ADB approved $106.9M to boost Sri Lanka’s secondary care, disease control, and governance. A $100M loan and $6.9M grant will fund hospital upgrades, integrated referral systems, a disease control center, lab accreditation, digital procurement, and pharma logistics, enhancing universal coverage and resilience.
The Asian Development Bank has approved a $106.9 million financing package to strengthen Sri Lanka’s healthcare system, addressing evolving health challenges through comprehensive reforms targeting secondary care, disease prevention, and governance improvements. The funding comprises a $100 million ADB loan and a $6.9 million grant from the Pandemic Prevention, Preparedness, and Response Trust Fund, reflecting the institution’s commitment to enhancing universal health coverage in the region.
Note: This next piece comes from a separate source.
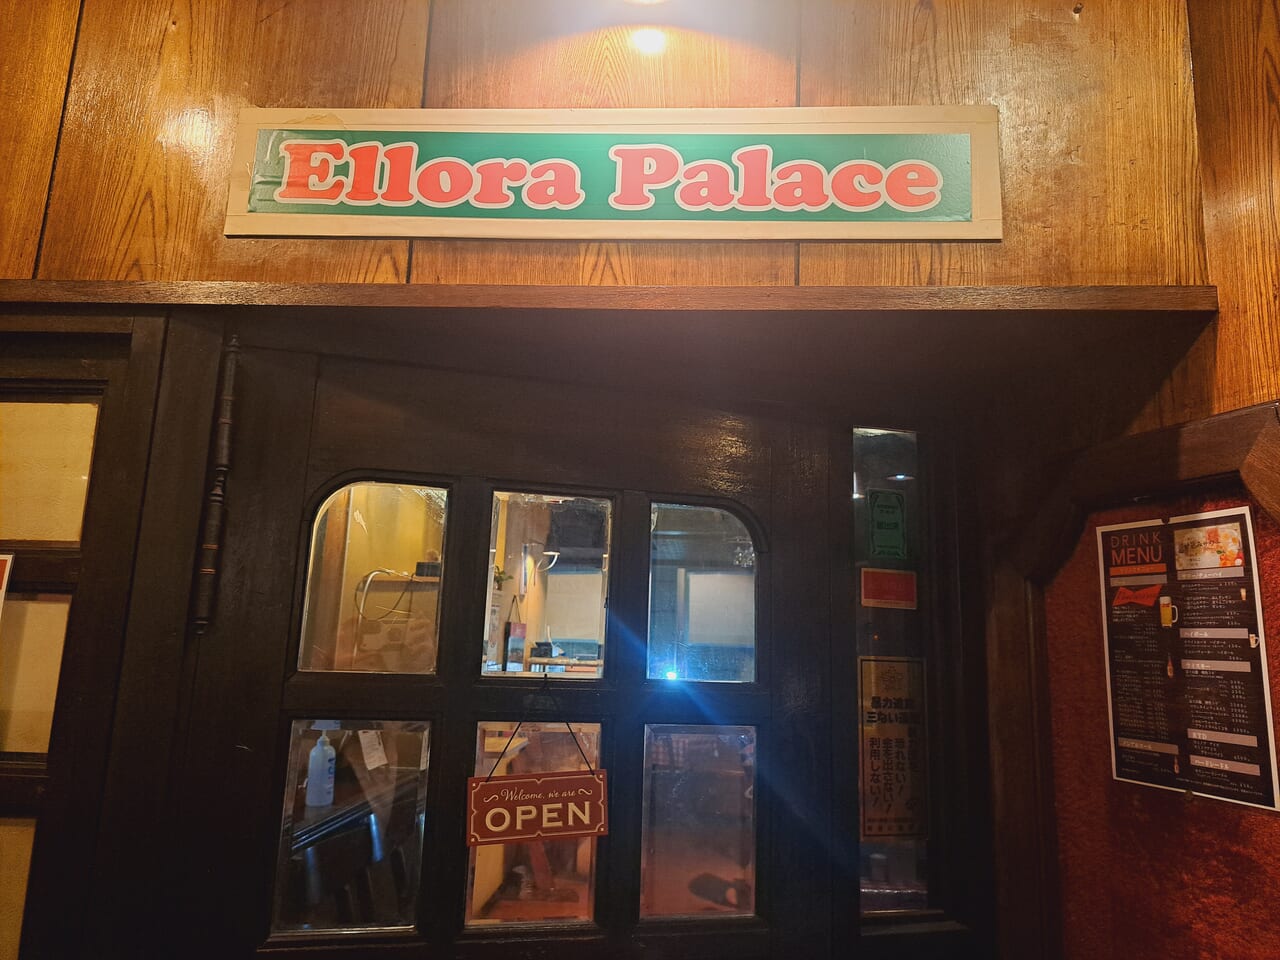 Ellora Palace

As ADB Country Director Takafumi Kadono noted, while Sri Lanka has achieved impressive progress in healthcare access and quality, demographic shifts including rising longevity and changing lifestyles have created new challenges. The growing prevalence of noncommunicable diseases and elderly care needs demands more robust secondary care infrastructure capable of delivering patient-centered treatments with enhanced case management capacity.
The Results Based Lending program will transform secondary healthcare into an integrated first referral system, improving coordination with primary care facilities while upgrading hospital infrastructure to meet quality, climate resilience, gender responsiveness, and elderly-friendly standards. Beyond service delivery improvements, the initiative establishes a center for disease control, strengthens public health laboratory capacity and accreditation mechanisms, and implements cross-sectoral integrated disease surveillance systems.
The program also addresses governance challenges by enhancing pharmaceutical logistics, digitalizing government procurement systems, and institutionalizing good procurement practices to strengthen integrity across the pharmaceutical regulatory and supply chain. These comprehensive improvements will benefit Sri Lanka’s entire population, enabling healthy individuals to pursue educational and economic opportunities while contributing to broader societal development through a more resilient and effective healthcare system.